▸ Work task: Transcribe the records below exactly, from their first line through the line containing "Tamron 150-600mm G2". Omit every line after it.

Start of Data for processing

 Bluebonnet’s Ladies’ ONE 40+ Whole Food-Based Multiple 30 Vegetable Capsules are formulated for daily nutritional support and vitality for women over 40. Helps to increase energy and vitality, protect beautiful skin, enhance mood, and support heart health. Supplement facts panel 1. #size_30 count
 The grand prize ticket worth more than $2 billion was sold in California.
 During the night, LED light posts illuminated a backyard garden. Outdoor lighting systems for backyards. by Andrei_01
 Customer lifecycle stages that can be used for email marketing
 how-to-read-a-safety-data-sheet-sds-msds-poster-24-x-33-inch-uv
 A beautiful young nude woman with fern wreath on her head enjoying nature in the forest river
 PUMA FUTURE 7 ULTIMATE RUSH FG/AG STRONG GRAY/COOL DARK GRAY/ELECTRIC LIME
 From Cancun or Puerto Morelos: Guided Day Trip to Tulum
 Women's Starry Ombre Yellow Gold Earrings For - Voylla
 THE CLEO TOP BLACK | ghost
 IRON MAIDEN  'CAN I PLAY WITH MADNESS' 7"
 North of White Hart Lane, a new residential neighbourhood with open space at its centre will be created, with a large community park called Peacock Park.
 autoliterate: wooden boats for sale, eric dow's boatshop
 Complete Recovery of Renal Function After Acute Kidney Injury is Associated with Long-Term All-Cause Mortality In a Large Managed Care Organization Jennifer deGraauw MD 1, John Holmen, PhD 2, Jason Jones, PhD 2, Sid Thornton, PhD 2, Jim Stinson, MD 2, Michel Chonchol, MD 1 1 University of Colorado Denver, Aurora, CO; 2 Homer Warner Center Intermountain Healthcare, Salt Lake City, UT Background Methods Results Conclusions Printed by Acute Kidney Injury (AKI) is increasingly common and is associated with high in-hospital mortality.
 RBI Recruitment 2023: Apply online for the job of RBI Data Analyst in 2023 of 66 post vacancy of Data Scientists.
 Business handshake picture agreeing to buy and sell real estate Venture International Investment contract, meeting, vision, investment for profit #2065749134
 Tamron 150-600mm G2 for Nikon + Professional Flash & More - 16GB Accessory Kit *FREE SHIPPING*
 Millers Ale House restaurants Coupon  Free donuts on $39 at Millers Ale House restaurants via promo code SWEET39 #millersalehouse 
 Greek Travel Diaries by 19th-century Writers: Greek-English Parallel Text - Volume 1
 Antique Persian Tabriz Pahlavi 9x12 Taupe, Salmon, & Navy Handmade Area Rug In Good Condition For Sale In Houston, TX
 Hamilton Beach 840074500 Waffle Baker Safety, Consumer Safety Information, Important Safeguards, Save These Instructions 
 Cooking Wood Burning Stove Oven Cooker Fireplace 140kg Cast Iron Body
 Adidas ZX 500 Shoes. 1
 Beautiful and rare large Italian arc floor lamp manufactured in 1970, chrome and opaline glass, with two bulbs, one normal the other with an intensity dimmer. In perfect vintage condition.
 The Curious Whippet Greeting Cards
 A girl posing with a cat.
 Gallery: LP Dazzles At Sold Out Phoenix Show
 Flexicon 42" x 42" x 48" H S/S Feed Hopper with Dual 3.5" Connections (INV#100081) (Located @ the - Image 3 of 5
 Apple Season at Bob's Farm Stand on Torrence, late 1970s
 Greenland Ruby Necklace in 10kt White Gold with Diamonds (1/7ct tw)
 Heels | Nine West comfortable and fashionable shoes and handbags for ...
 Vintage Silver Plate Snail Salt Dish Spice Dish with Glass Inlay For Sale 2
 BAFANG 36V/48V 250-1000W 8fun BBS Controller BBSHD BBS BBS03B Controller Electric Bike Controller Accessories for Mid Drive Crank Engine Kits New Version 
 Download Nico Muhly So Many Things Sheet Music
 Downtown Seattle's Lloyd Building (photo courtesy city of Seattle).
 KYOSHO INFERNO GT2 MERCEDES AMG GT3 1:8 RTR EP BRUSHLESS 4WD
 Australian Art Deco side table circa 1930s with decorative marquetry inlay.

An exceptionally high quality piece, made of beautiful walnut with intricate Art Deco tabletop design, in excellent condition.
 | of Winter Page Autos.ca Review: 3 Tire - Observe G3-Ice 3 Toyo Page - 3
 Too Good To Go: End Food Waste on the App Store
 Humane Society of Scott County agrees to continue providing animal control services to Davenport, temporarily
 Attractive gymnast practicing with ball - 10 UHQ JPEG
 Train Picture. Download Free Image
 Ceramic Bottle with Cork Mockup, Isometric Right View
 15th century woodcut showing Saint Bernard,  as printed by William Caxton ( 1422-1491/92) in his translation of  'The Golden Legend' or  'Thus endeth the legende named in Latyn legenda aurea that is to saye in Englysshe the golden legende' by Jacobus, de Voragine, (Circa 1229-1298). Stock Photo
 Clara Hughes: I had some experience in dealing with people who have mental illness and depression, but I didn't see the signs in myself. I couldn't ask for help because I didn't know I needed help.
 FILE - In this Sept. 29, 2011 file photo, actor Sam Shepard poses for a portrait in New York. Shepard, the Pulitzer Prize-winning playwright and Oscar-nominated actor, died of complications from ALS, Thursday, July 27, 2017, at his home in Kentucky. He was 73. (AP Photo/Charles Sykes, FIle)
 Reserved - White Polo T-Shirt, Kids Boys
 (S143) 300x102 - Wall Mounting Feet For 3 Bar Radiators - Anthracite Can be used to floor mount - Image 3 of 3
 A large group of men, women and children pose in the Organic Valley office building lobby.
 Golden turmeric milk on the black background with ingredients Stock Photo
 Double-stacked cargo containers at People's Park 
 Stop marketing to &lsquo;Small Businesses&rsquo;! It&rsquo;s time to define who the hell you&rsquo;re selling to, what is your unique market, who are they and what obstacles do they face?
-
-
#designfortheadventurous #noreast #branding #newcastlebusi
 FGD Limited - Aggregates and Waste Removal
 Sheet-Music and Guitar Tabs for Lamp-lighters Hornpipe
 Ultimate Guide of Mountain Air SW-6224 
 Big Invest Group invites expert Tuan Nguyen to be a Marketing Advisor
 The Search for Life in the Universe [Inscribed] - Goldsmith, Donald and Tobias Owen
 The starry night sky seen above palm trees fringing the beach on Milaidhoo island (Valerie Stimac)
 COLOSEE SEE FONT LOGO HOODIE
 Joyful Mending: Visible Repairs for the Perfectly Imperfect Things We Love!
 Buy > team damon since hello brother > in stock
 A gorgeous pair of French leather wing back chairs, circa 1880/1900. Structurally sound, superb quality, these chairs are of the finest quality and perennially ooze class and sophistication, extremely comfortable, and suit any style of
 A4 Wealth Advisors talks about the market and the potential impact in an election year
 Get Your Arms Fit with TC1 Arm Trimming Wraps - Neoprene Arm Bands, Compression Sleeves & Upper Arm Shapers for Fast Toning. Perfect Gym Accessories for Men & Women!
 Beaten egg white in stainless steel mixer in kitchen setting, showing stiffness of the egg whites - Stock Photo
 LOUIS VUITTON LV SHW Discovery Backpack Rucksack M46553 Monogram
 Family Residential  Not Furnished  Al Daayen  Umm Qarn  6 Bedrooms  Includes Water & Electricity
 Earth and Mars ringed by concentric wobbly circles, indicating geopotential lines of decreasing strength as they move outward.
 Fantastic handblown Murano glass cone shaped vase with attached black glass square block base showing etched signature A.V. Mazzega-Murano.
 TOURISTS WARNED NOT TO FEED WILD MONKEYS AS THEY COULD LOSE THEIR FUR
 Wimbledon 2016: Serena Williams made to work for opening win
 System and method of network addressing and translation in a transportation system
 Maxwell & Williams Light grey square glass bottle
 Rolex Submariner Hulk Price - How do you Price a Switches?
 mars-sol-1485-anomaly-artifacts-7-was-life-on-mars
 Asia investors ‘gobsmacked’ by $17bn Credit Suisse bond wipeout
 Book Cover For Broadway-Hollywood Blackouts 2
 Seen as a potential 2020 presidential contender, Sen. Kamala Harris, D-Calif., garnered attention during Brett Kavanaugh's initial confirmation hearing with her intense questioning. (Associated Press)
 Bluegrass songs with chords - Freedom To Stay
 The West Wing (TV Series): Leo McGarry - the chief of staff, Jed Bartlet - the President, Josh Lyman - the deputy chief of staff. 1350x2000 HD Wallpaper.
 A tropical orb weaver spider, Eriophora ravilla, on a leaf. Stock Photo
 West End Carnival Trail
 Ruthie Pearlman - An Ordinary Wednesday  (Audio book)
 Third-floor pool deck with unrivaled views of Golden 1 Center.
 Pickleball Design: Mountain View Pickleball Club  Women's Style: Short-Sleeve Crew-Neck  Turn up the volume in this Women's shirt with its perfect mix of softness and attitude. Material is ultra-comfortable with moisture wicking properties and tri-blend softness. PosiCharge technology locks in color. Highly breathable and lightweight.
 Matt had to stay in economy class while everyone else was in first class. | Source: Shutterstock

End of Data for processing

▸ Task output:
 Bluebonnet’s Ladies’ ONE 40+ Whole Food-Based Multiple 30 Vegetable Capsules are formulated for daily nutritional support and vitality for women over 40. Helps to increase energy and vitality, protect beautiful skin, enhance mood, and support heart health. Supplement facts panel 1. #size_30 count
 The grand prize ticket worth more than $2 billion was sold in California.
 During the night, LED light posts illuminated a backyard garden. Outdoor lighting systems for backyards. by Andrei_01
 Customer lifecycle stages that can be used for email marketing
 how-to-read-a-safety-data-sheet-sds-msds-poster-24-x-33-inch-uv
 A beautiful young nude woman with fern wreath on her head enjoying nature in the forest river
 PUMA FUTURE 7 ULTIMATE RUSH FG/AG STRONG GRAY/COOL DARK GRAY/ELECTRIC LIME
 From Cancun or Puerto Morelos: Guided Day Trip to Tulum
 Women's Starry Ombre Yellow Gold Earrings For - Voylla
 THE CLEO TOP BLACK | ghost
 IRON MAIDEN  'CAN I PLAY WITH MADNESS' 7"
 North of White Hart Lane, a new residential neighbourhood with open space at its centre will be created, with a large community park called Peacock Park.
 autoliterate: wooden boats for sale, eric dow's boatshop
 Complete Recovery of Renal Function After Acute Kidney Injury is Associated with Long-Term All-Cause Mortality In a Large Managed Care Organization Jennifer deGraauw MD 1, John Holmen, PhD 2, Jason Jones, PhD 2, Sid Thornton, PhD 2, Jim Stinson, MD 2, Michel Chonchol, MD 1 1 University of Colorado Denver, Aurora, CO; 2 Homer Warner Center Intermountain Healthcare, Salt Lake City, UT Background Methods Results Conclusions Printed by Acute Kidney Injury (AKI) is increasingly common and is associated with high in-hospital mortality.
 RBI Recruitment 2023: Apply online for the job of RBI Data Analyst in 2023 of 66 post vacancy of Data Scientists.
 Business handshake picture agreeing to buy and sell real estate Venture International Investment contract, meeting, vision, investment for profit #2065749134
 Tamron 150-600mm G2 for Nikon + Professional Flash & More - 16GB Accessory Kit *FREE SHIPPING*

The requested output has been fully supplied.